• **Dataset content**:
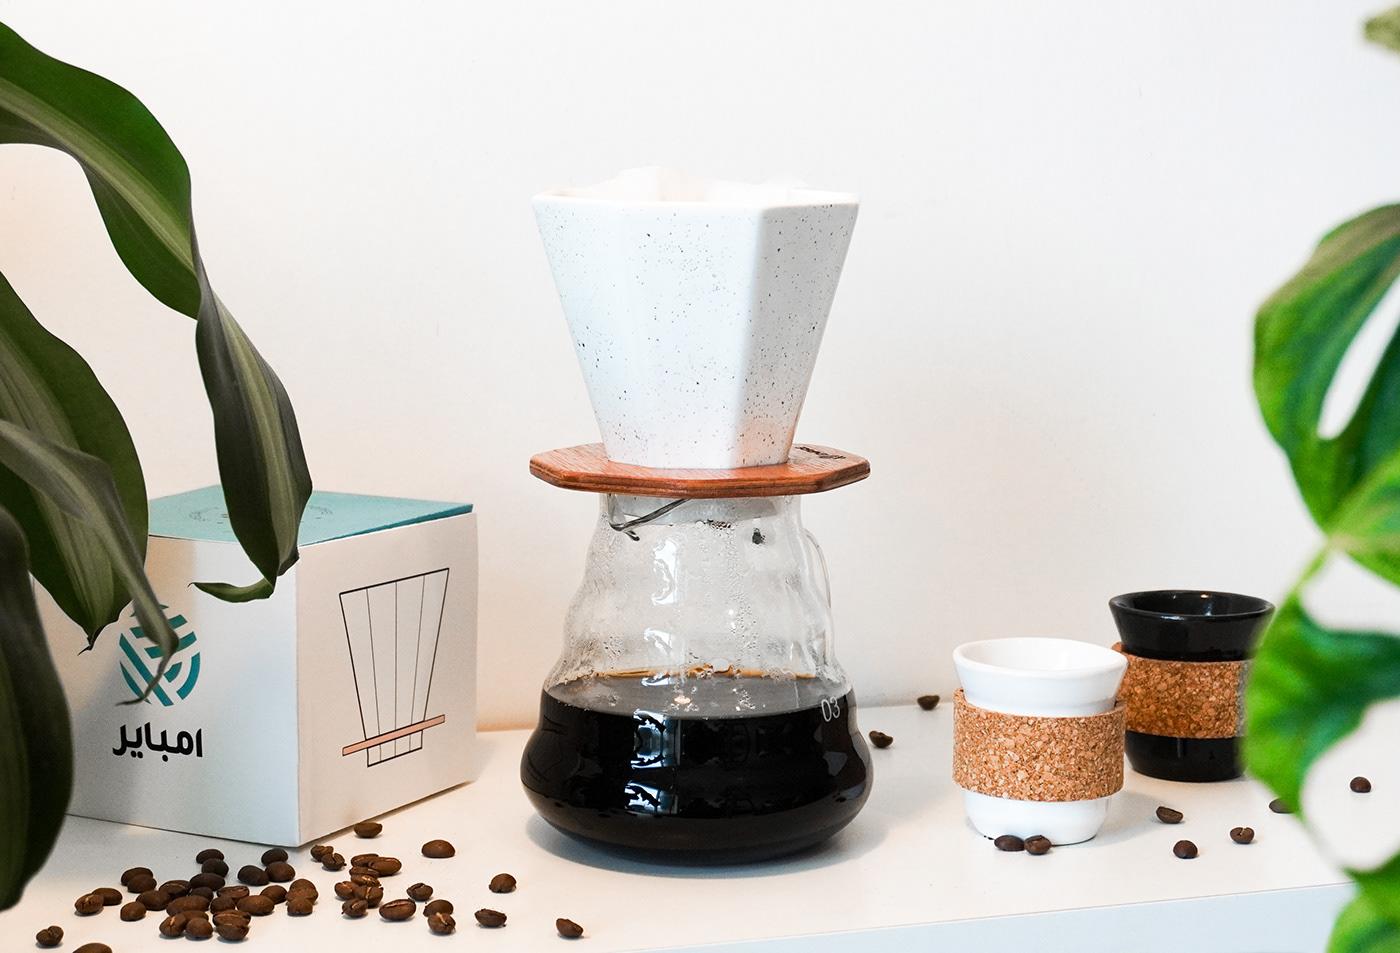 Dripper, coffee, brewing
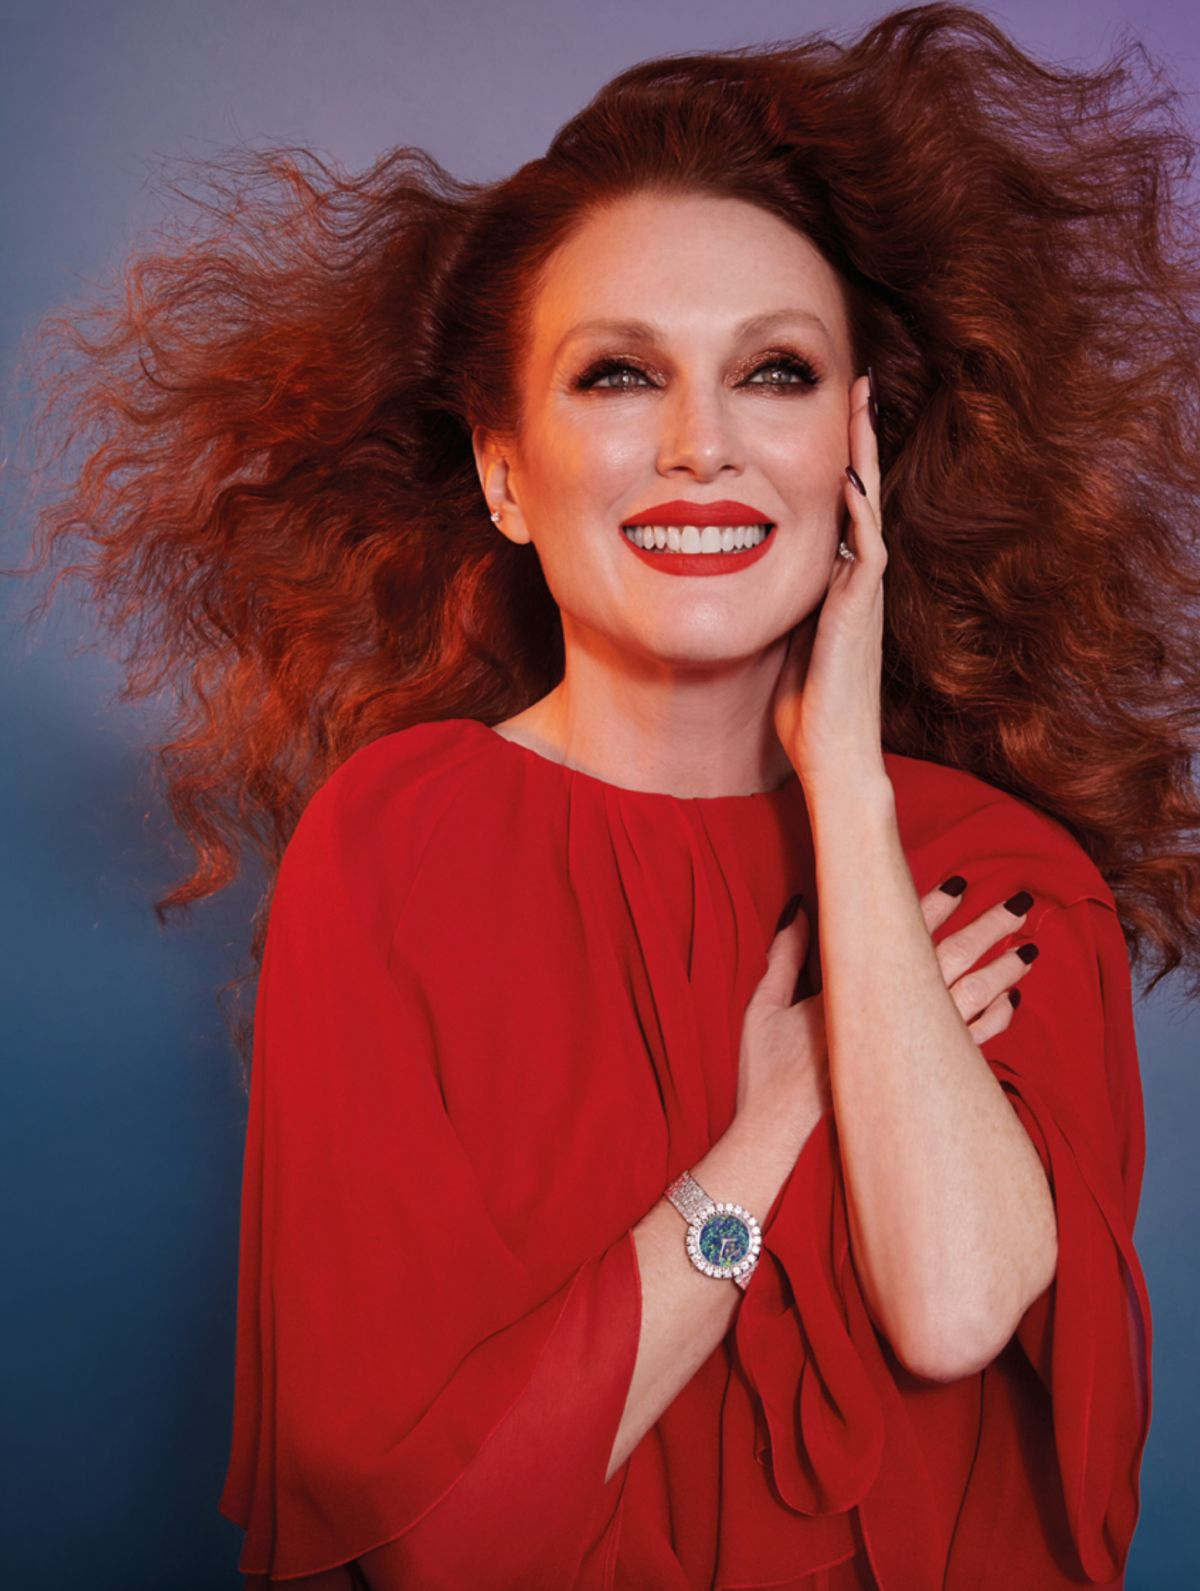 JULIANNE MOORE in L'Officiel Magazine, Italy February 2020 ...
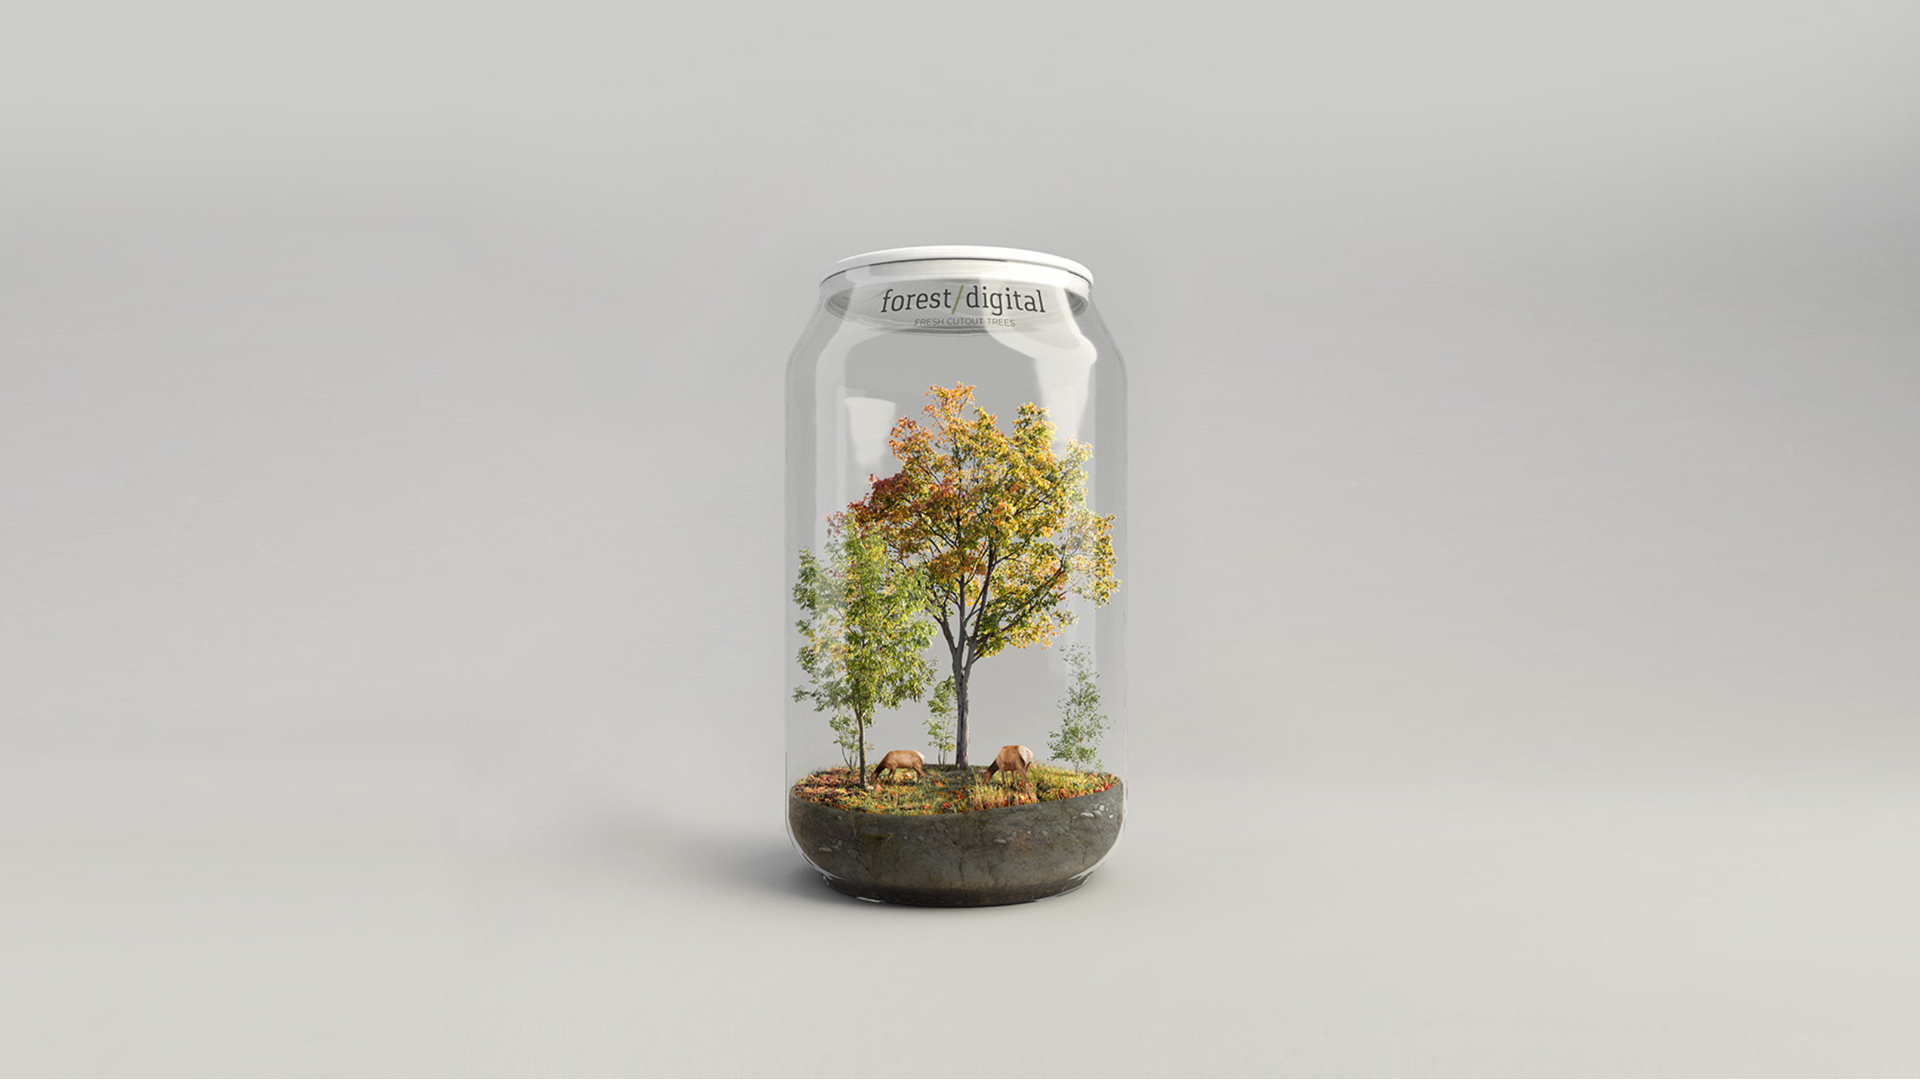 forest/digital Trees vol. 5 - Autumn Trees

• **Task instructions**: Could you print the material above word for word and skip the images?

• **Response box**:
 Dripper, coffee, brewing
 JULIANNE MOORE in L'Officiel Magazine, Italy February 2020 ...
 forest/digital Trees vol. 5 - Autumn Trees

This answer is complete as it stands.